A low-self-discharge high-loading polysulfide cathode design for lithium–sulfur cells

Abstract

Lithium–sulfur batteries are a promising energy storage system with high energy density. However, during prolonged storage, they are prone to rapid capacity-fade, which is caused by severe self-discharge. This significantly shortens batteries' shelf life and impairs their long-term performance. This self-discharge effect has rarely been discussed in the literature. In this study, we develop a low-self-discharge polysulfide cathode with a carbonized electrospun nanofiber substrate. This cathode design achieves a high areal sulfur loading (4.03 mg cm⁻²) and a high sulfur content (66.8 wt%), while maintaining a low capacity-fade rate (0.26% per day) over a long storage time (90 days).

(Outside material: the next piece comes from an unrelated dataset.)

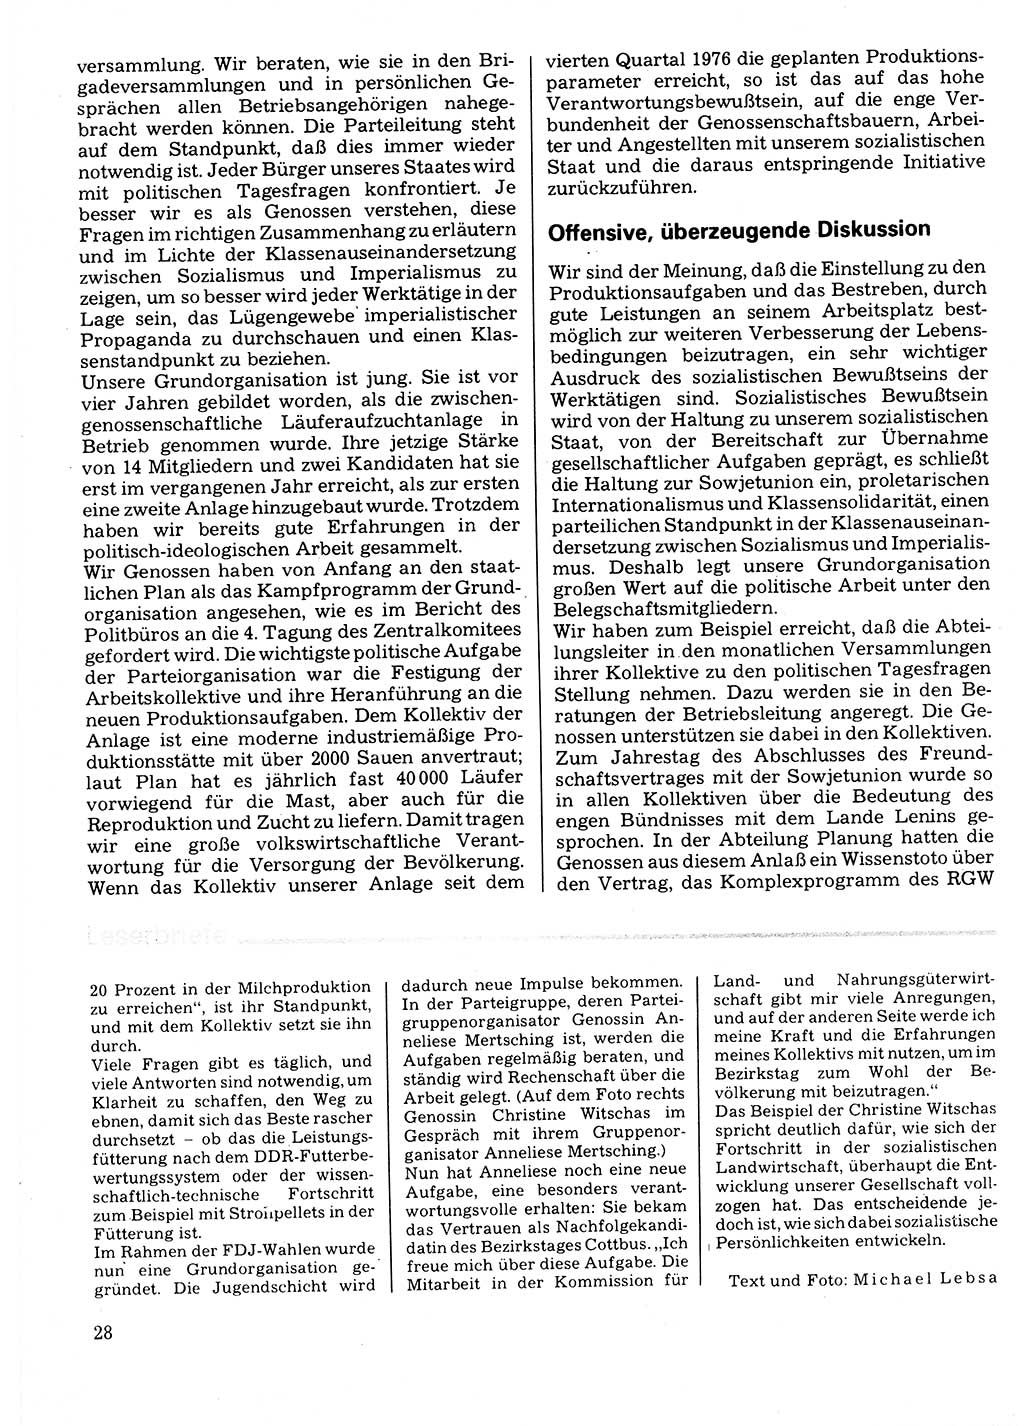 Neuer Weg (NW), Organ des Zentralkomitees (ZK) der SED (Sozialistische Einheitspartei Deutschlands) für Fragen des Parteilebens, 32. Jahrgang [Deutsche Demokratische Republik (DDR)] 1977, Seite 28 (NW ZK SED DDR 1977, S. 28)
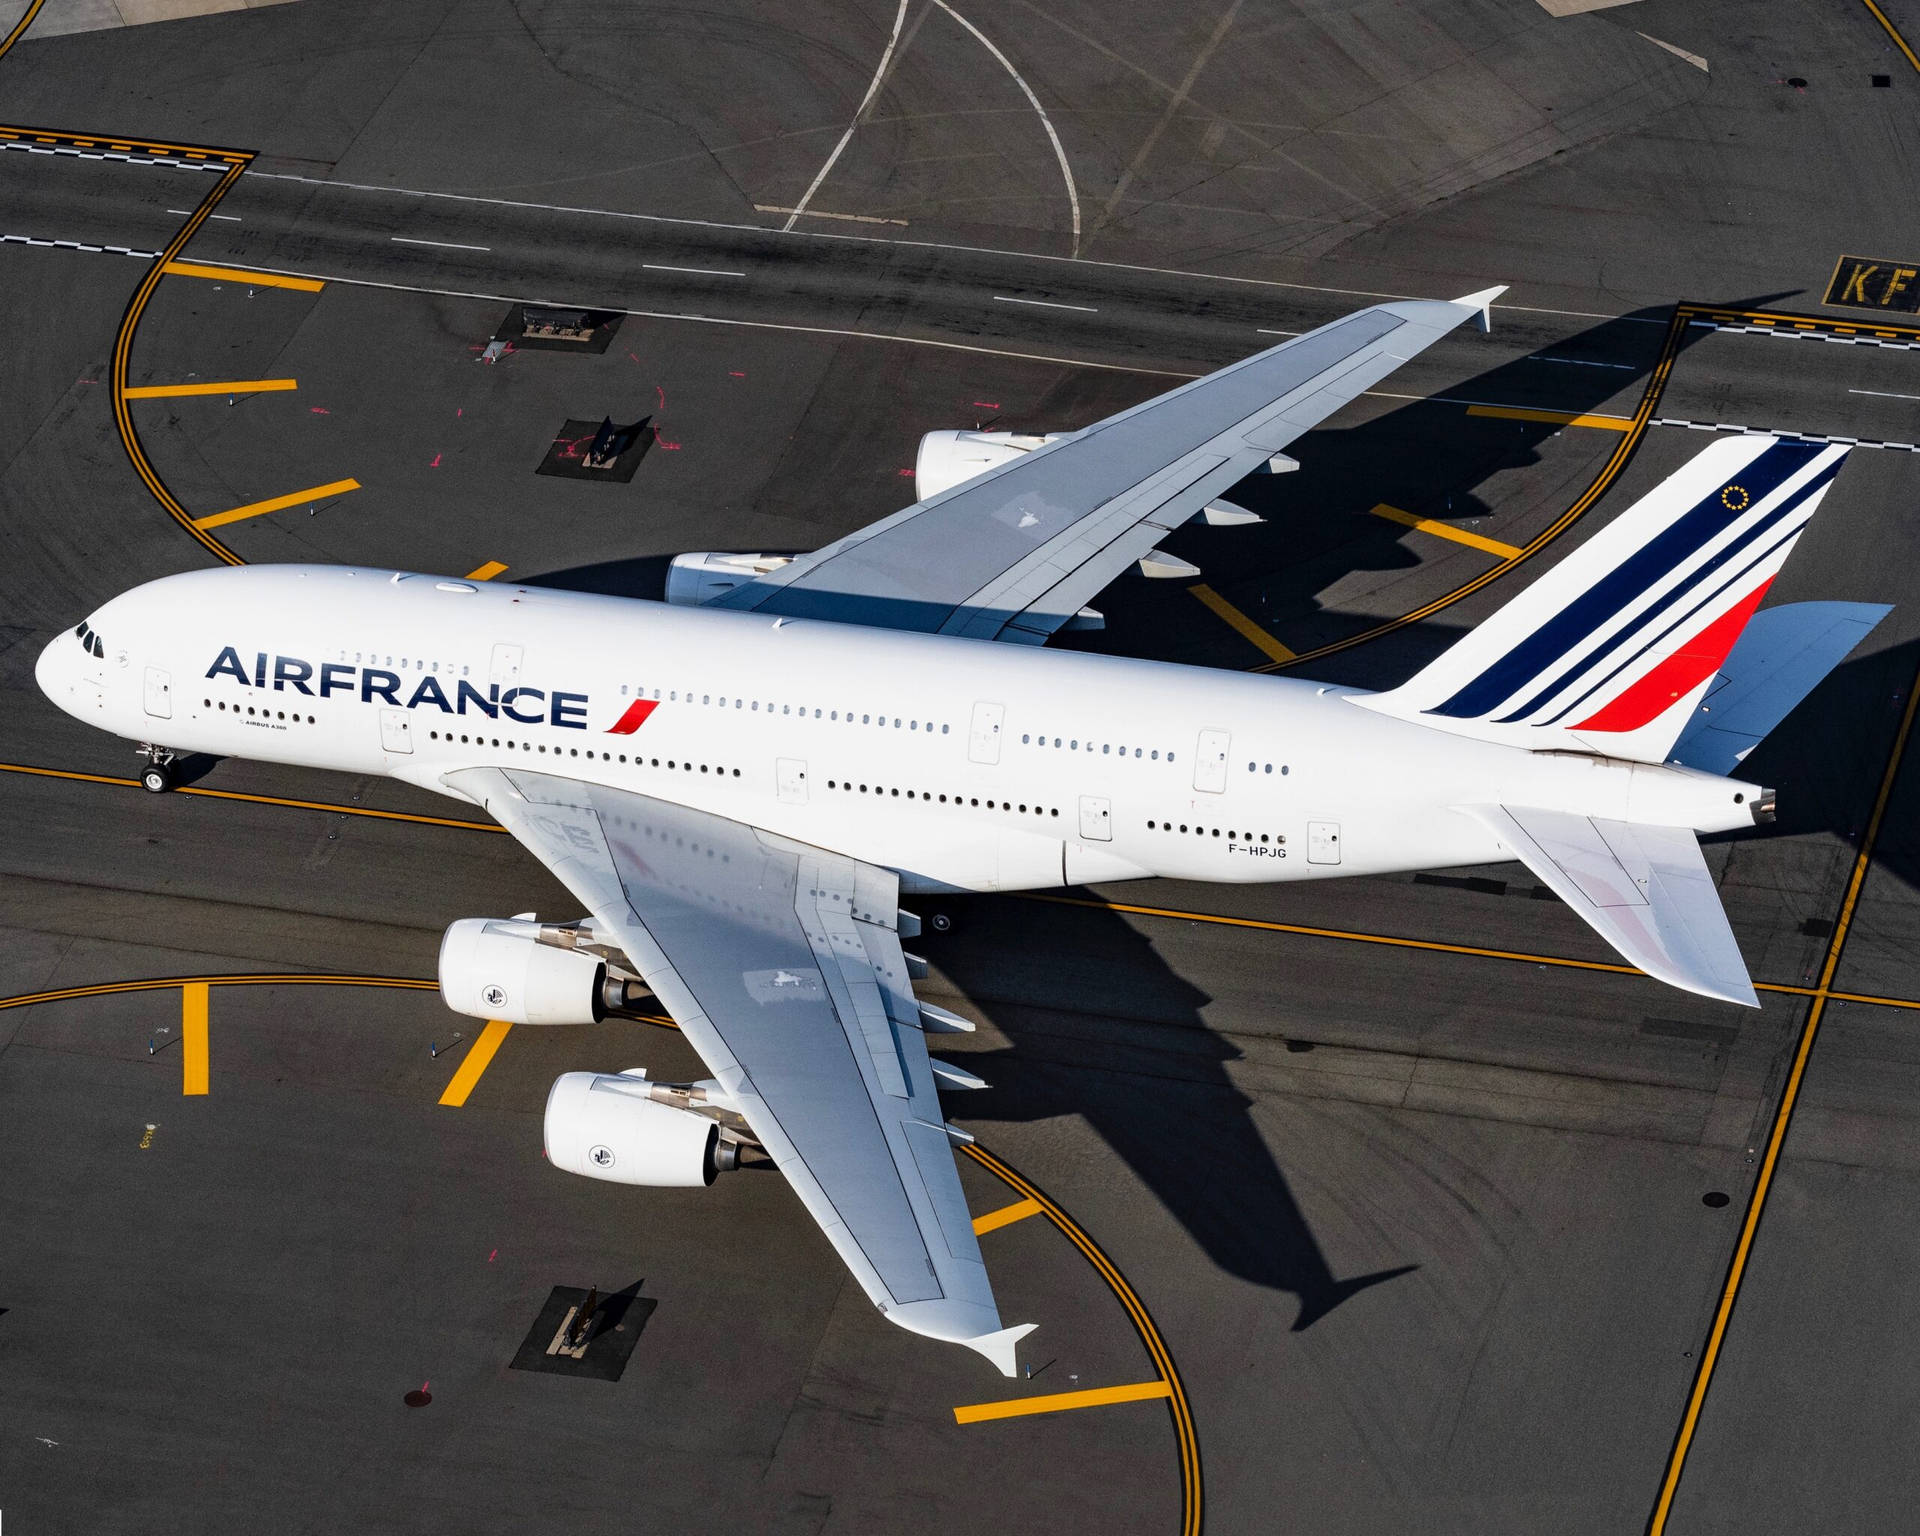 Air France 2560 X 2048 Wallpaper

In addition to the high capacity retention, it also maintains high lithium-ion diffusion coefficients after long-term storage. As a result, the rested low-self-discharge polysulfide cathode achieves a long cycle life (200 cycles) with stable electrochemistry. We further evaluate the long-term low-self-discharge performance of our lithium–sulfur cell via a series of quantitative analyses and performance analyses of the self-discharge behavior of the high-loading polysulfide cathode. The results provide key insights into the electrochemistry that occurs during the long-term storage of lithium–sulfur cells and into the low-self-discharge behavior of our designed cathode.